What the task requires: For this exercise, copy exactly every line from the one holding "Herschel Los Angeles" through the end of the data, both included. Omit pictures.

#### Stored data

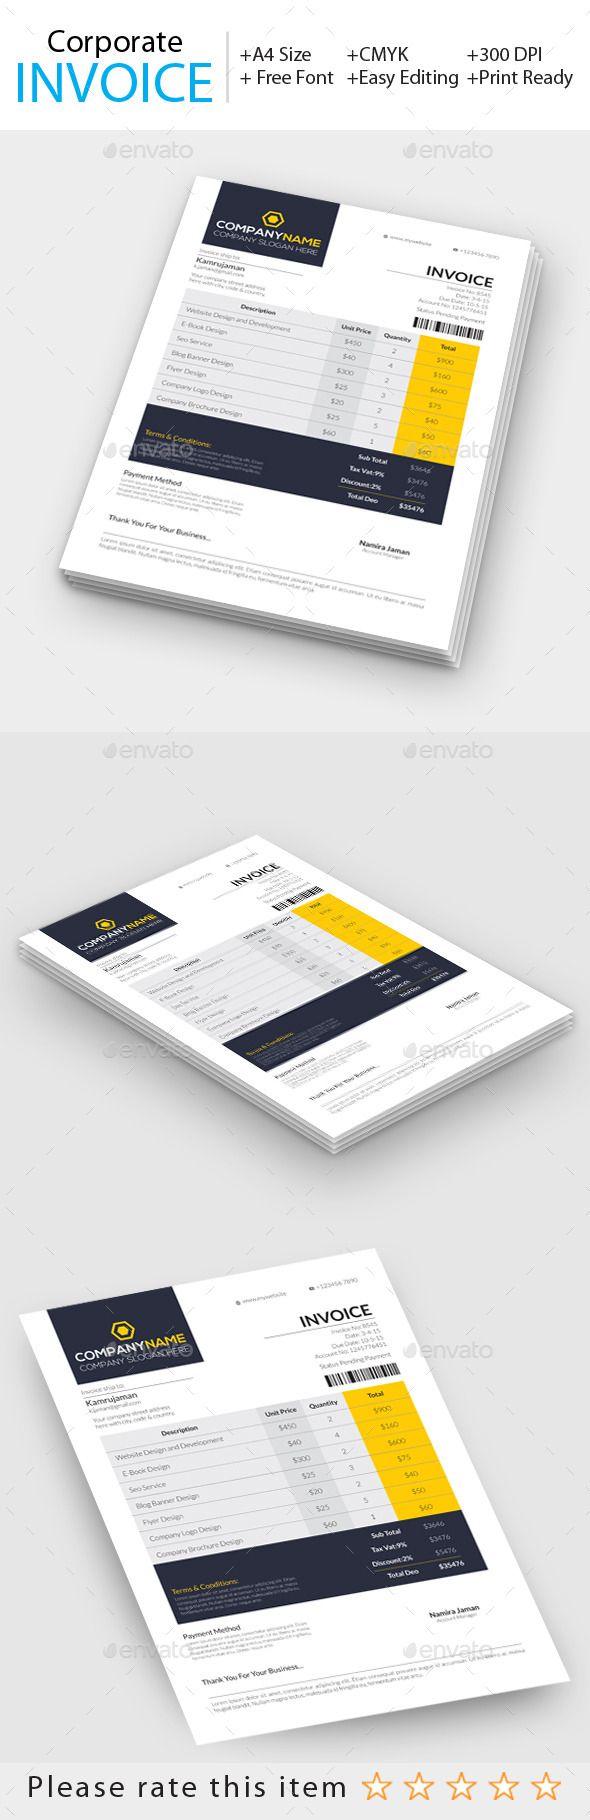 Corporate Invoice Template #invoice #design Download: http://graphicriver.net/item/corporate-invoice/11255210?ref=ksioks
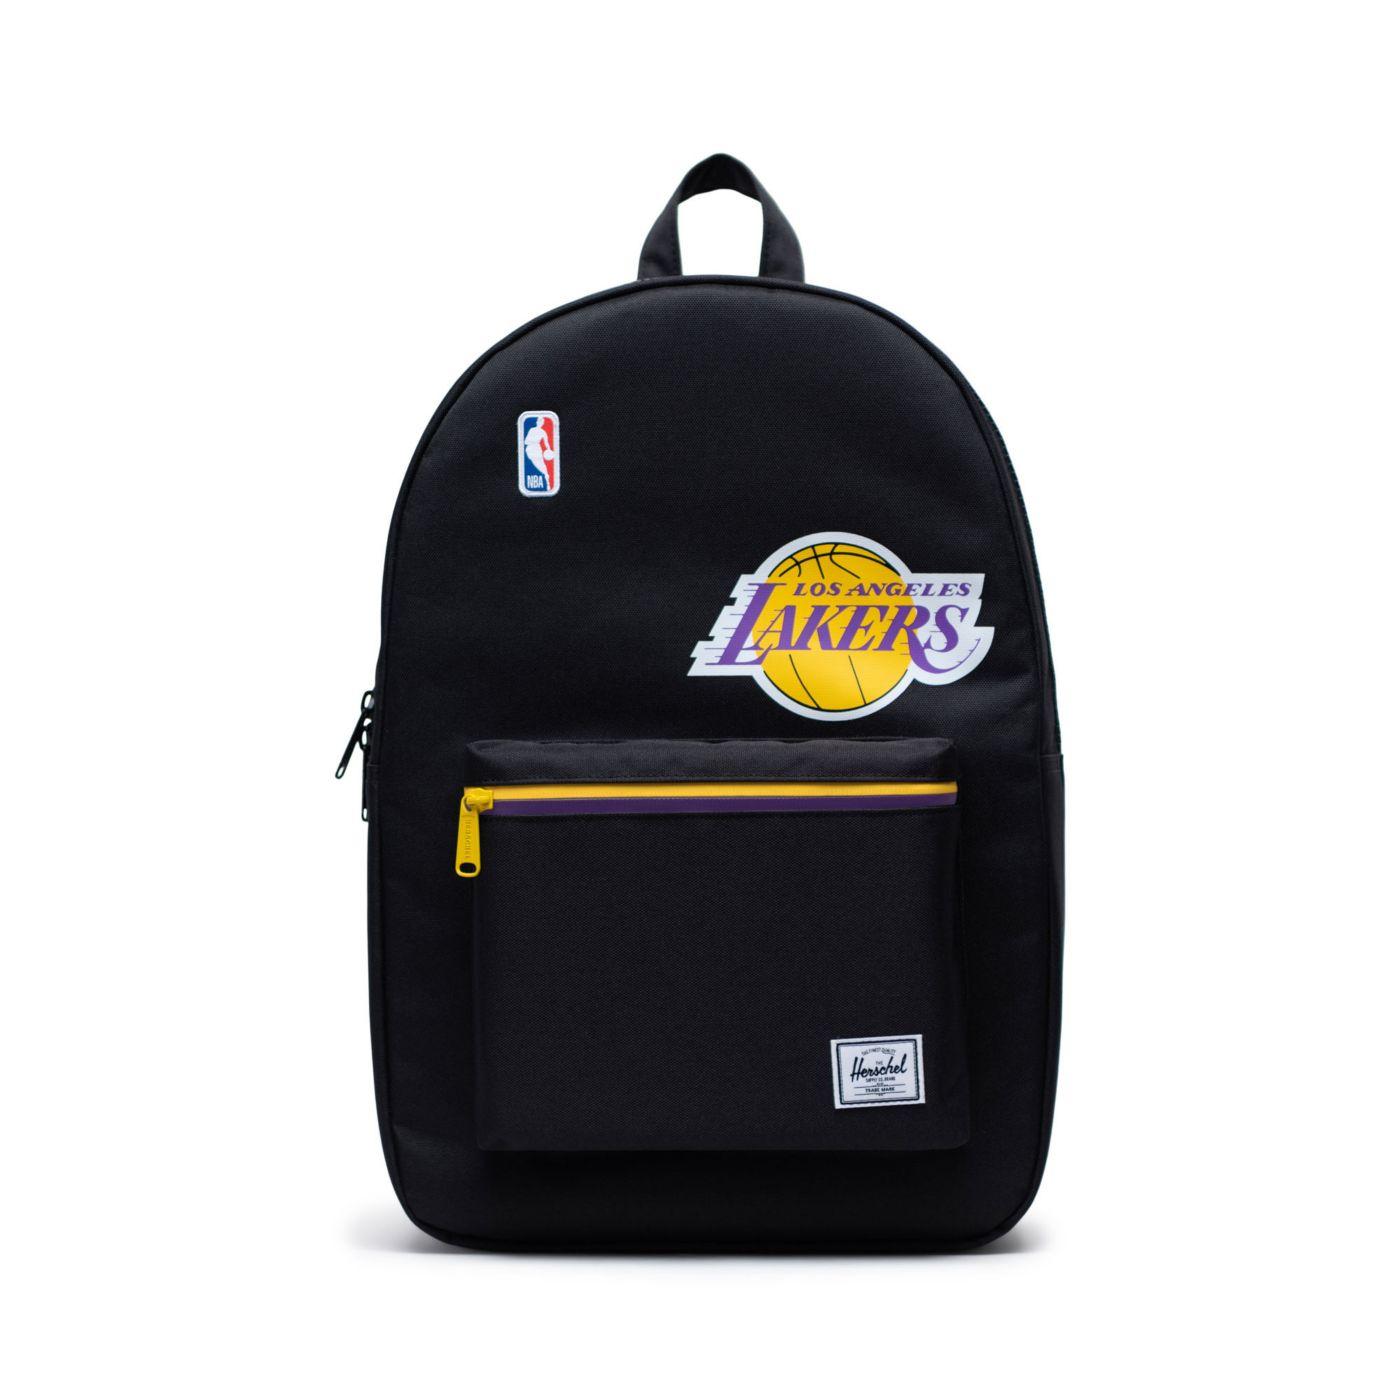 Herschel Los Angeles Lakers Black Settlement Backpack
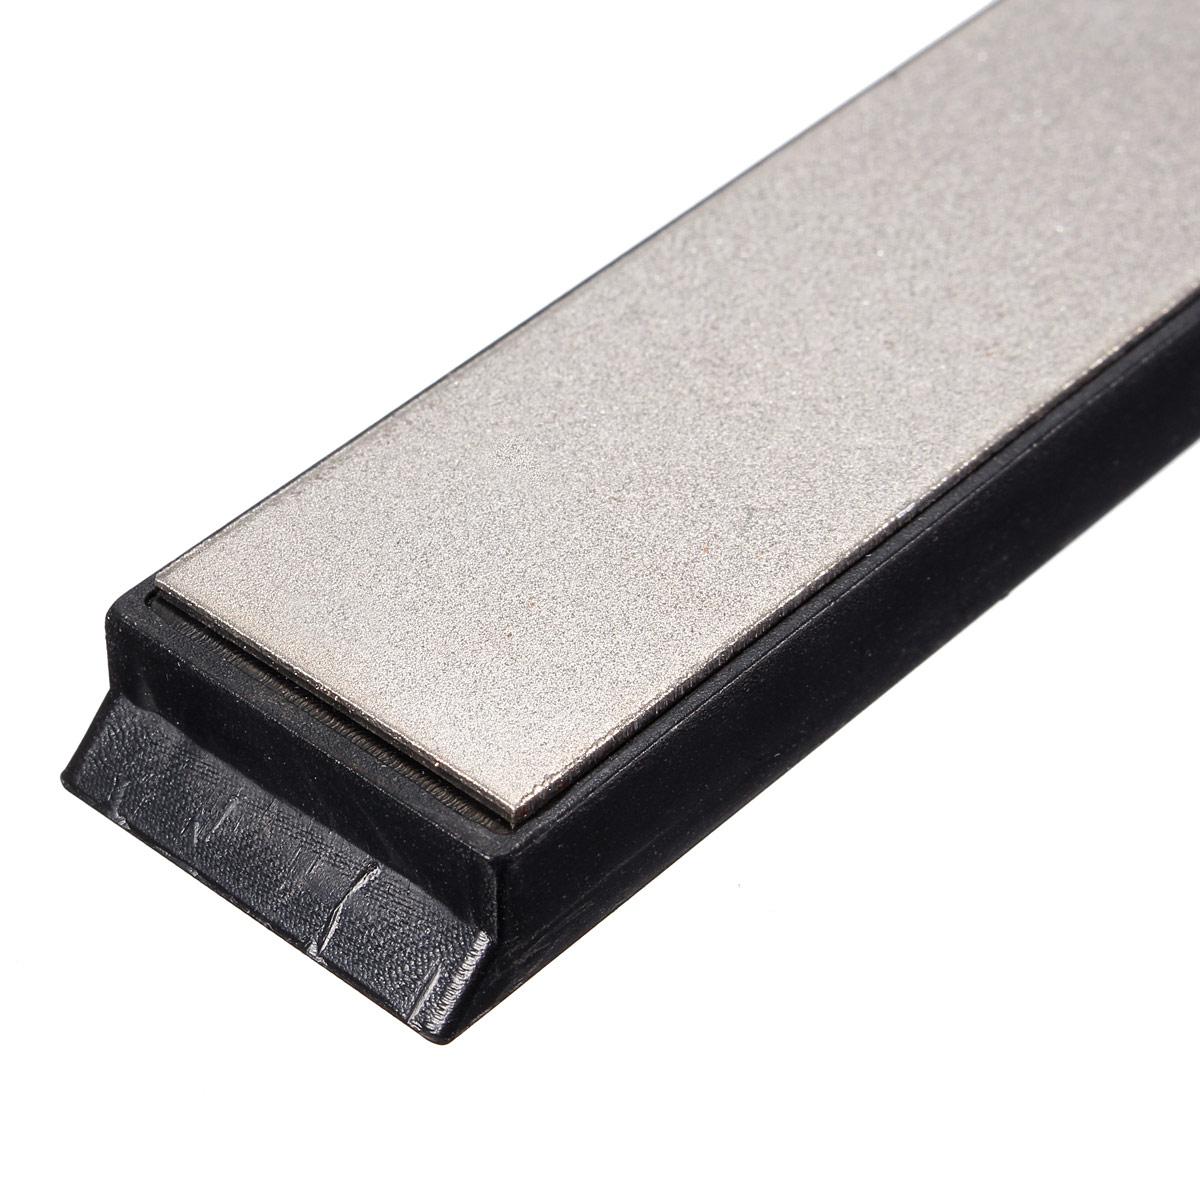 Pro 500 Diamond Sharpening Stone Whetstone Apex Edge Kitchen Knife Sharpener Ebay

########

Exercise output:
 Herschel Los Angeles Lakers Black Settlement Backpack
 Pro 500 Diamond Sharpening Stone Whetstone Apex Edge Kitchen Knife Sharpener Ebay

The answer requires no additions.